The problem
Everything in the listing below has to be repeated exactly, except the pictures.

Information supplied
BEGIN

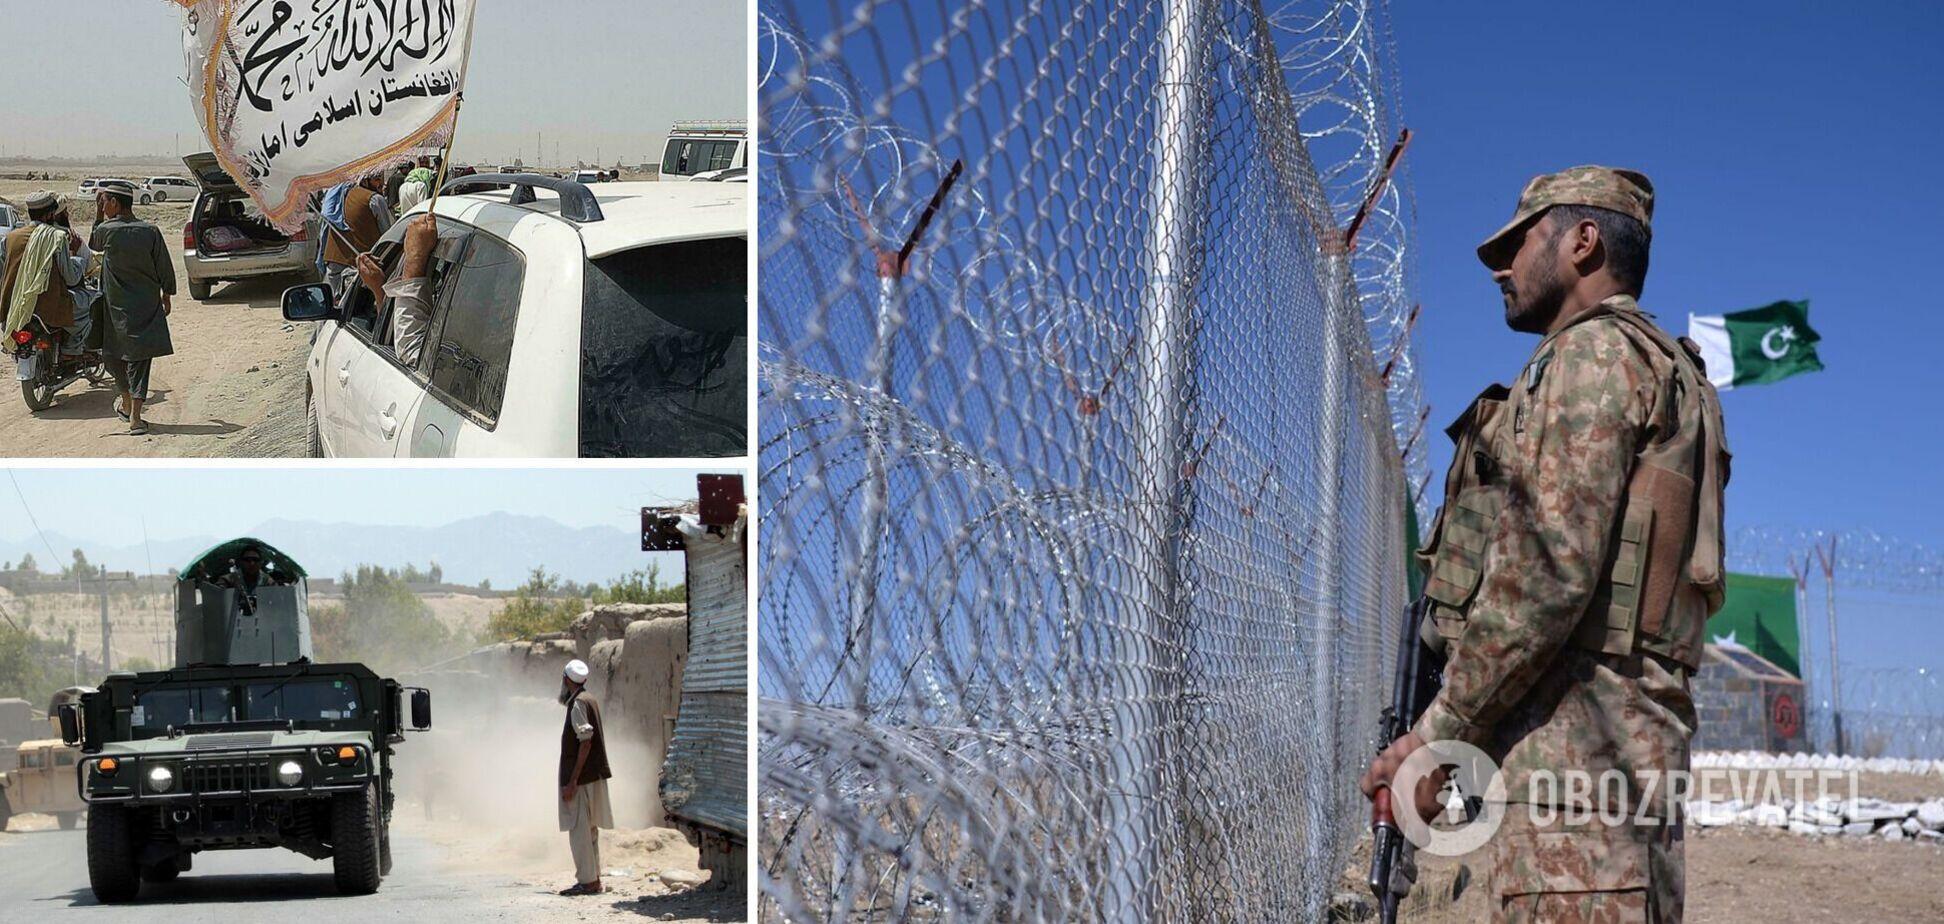 Бойовики 'Талібану' захопили ключовий прикордонний пункт між Афганістаном і Пакистаном
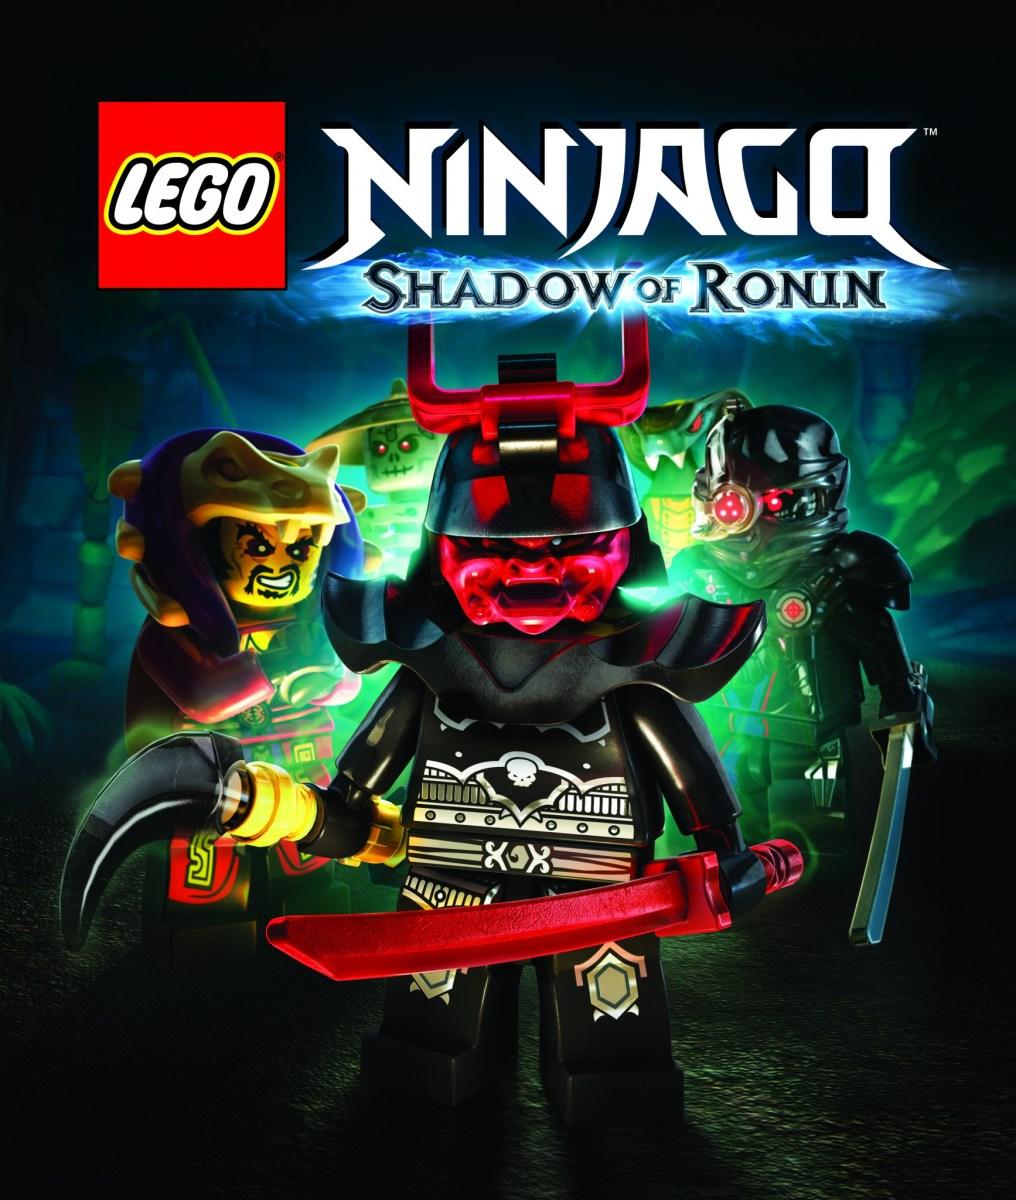 LEGO Ninjago: Shadow of Ronin Villains #LEGODad
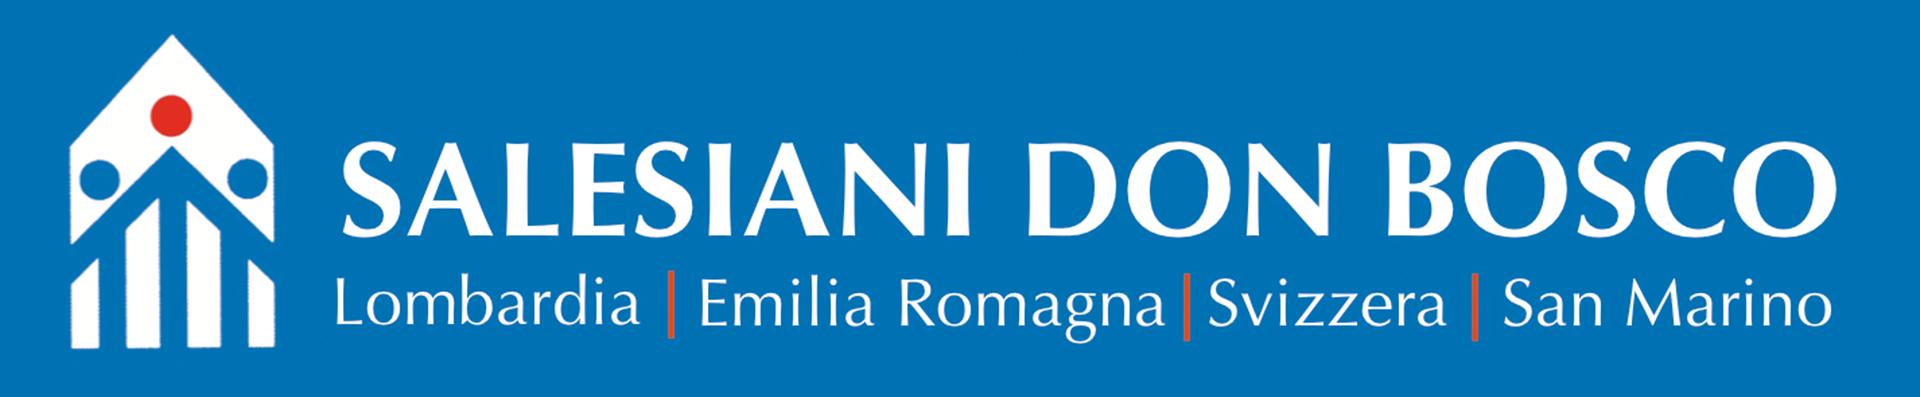 Salesiani Lombardia-Emilia Logo

END

Answer space
 Бойовики 'Талібану' захопили ключовий прикордонний пункт між Афганістаном і Пакистаном
 LEGO Ninjago: Shadow of Ronin Villains #LEGODad
 Salesiani Lombardia-Emilia Logo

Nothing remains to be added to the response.